In 1996, a security guard named Richard Jewell should have been proclaimed a hero. He spotted an abandoned backpack in Centennial Park during the Atlanta Summer Olympics. Thinking that it could be a bomb, Jewell, insisting the proper security protocols be followed even though there was a concert going on, moved as many people as he could away from the backpack before it exploded. Two people died as a result of the explosion and 111 were injured. The number would have been much more catastrophic if not for Jewell’s actions.
Jewell saved lives but he soon found himself the number one suspect. Overweight, a little bit nerdy, Southern accented and possessing a spotty work history, Richard Jewell did not fit the popular conception of a hero. After the FBI leaked that Jewell was their number one suspect, the press literally reported as if Jewell’s arrest was imminent. I’m old enough to remember the way that, for a month, the nightly news seemed like the counting the days until Jewell was charged. Jewell, however, was never arrested and eventually, he sued several media outlets for libel. After anti-abortion fanatic Eric Rudolph emerged as the number one suspect in the bombing, the three FBI agents who attempted to railroad Jewell were disciplined. One was suspended for five days without pay, which seems a light punishment for ruining a man’s life.
Clint Eastwood’s Richard Jewell was about the persecution of the title character, with Paul Walter Hauser playing Jewell, Kathy Bates playing his mother, Jon Hamm playing the arrogant FBI agent, Olivia Wilde playing the unethical journalist who first reported that Jewell was a suspect, and Sam Rockwell playing Jewell’s attorney. When Richard Jewell was released in 2019, there was a lot of debate about the way it presented both the media and the FBI. This was during the first Trump presidency and many critics felt that it was not the right time for a film about an irresponsible reporter and a corrupt FBI agent. But Eastwood’s film isn’t about the reporter or the FBI. Instead, like many of his films, it’s about a loner who does the right thing, refuses to compromise, and suffers for it. If the FBI and the media didn’t want to be presented as being villains in a movie about Richard Jewell, they should have thought twice before announcing to the the world that they thought he was a murderer.

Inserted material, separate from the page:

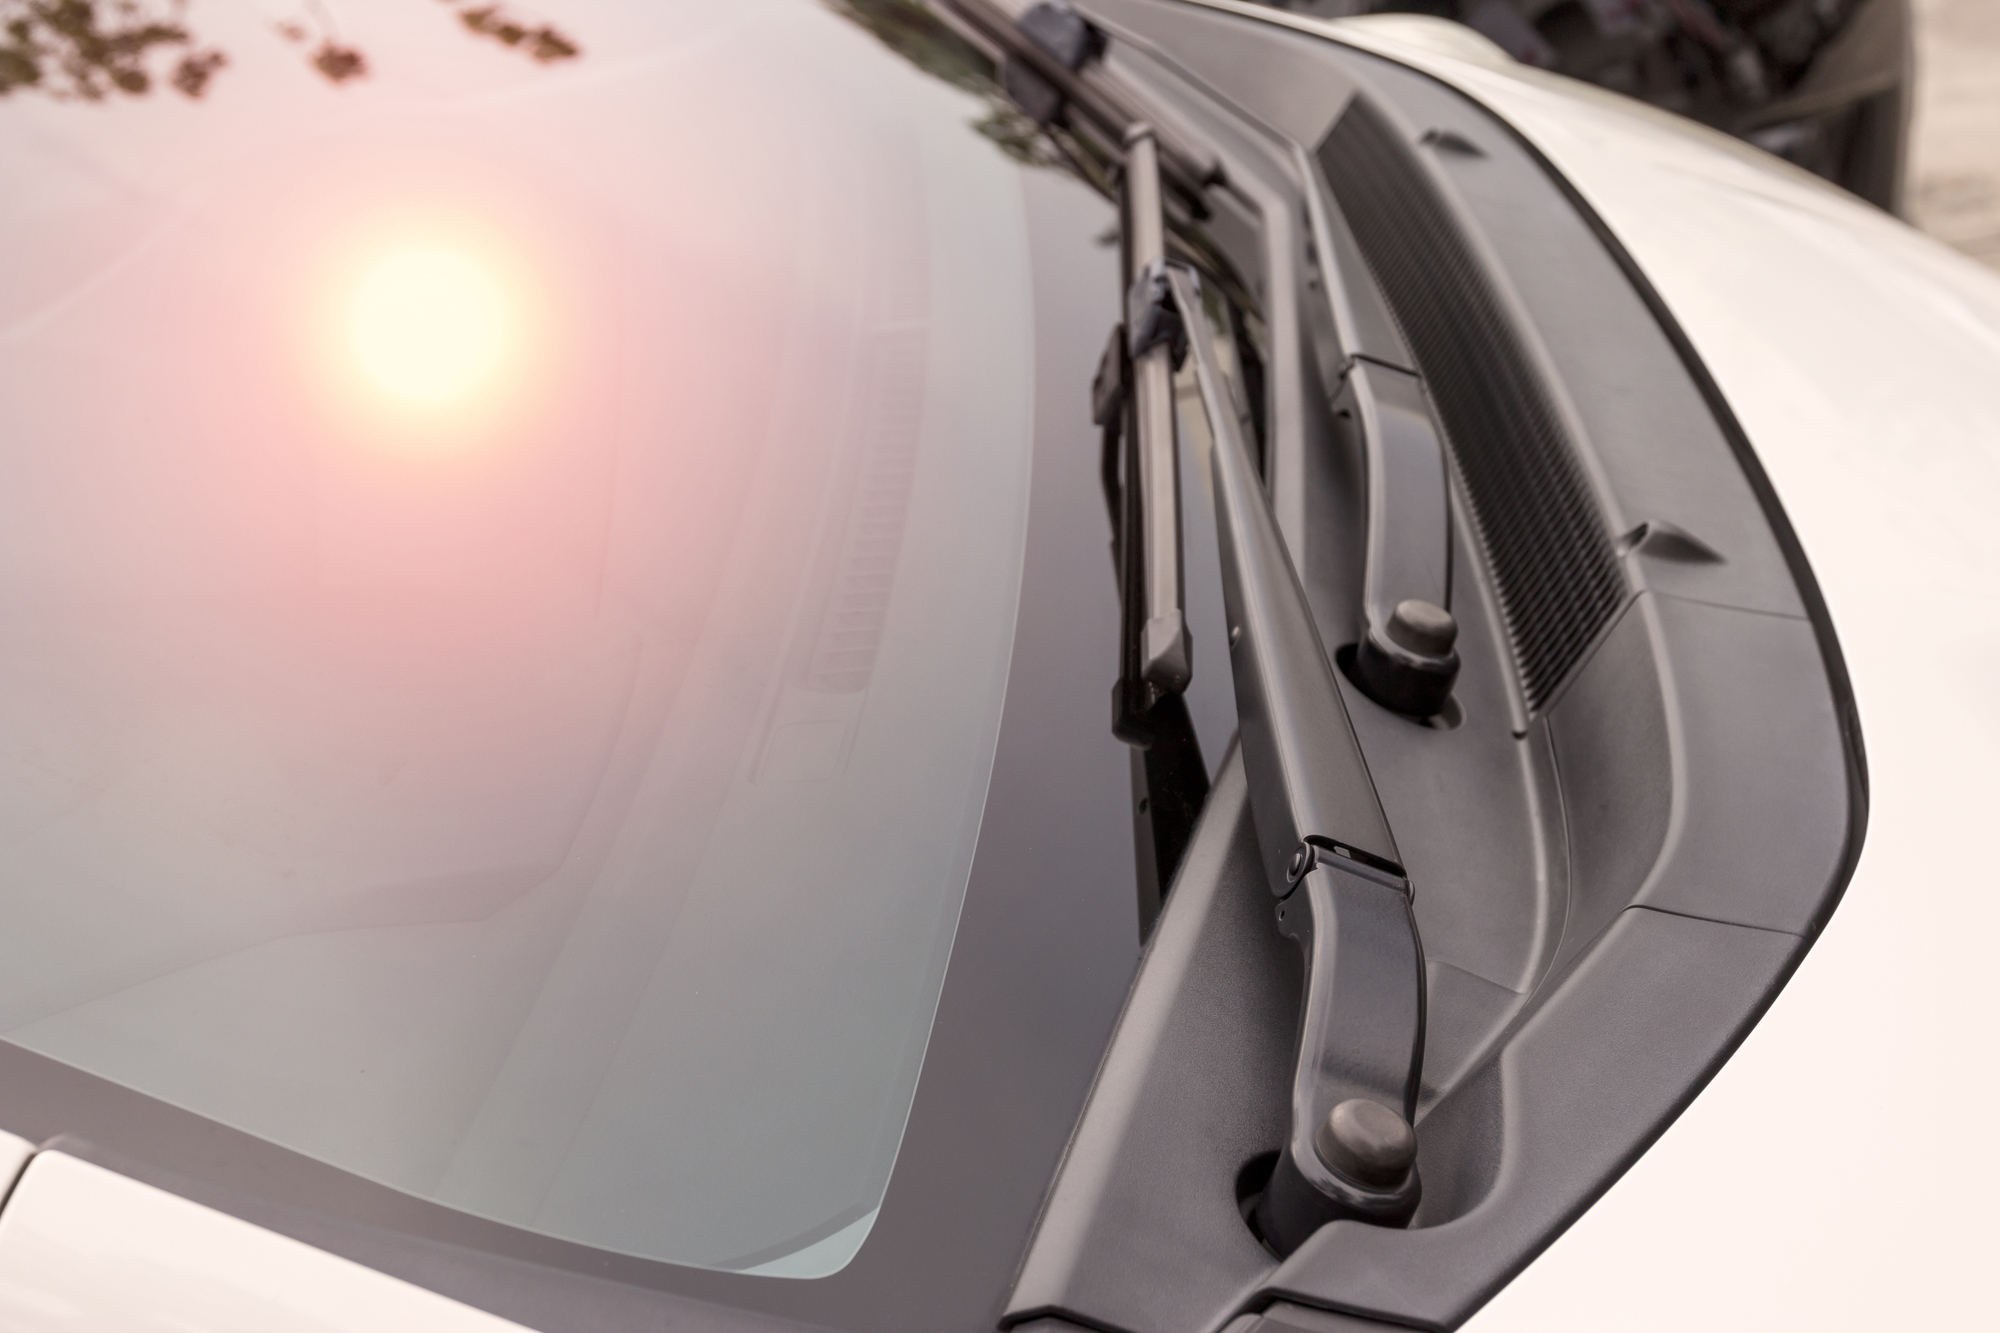 Sun reflection on car's windshield, close-up

Because of the controversy, Richard Jewell is one of Eastwood’s unfairly overlooked films. Along with directing in his usual straightforward manner, Eastwood gets a great performance out of Paul Walter Hauser and reminds us that not every hero looks like the Man With No Name. Even more importantly, Eastwood pays tribute to a man who deserved better than he was given by the world. Richard Jewell died 12 years before the film that was named after him was released. A lot of people wanted to sweep what happened to Richard Jewell under the rug. Eastwood, in one of the best of his later films, refused to let that happen.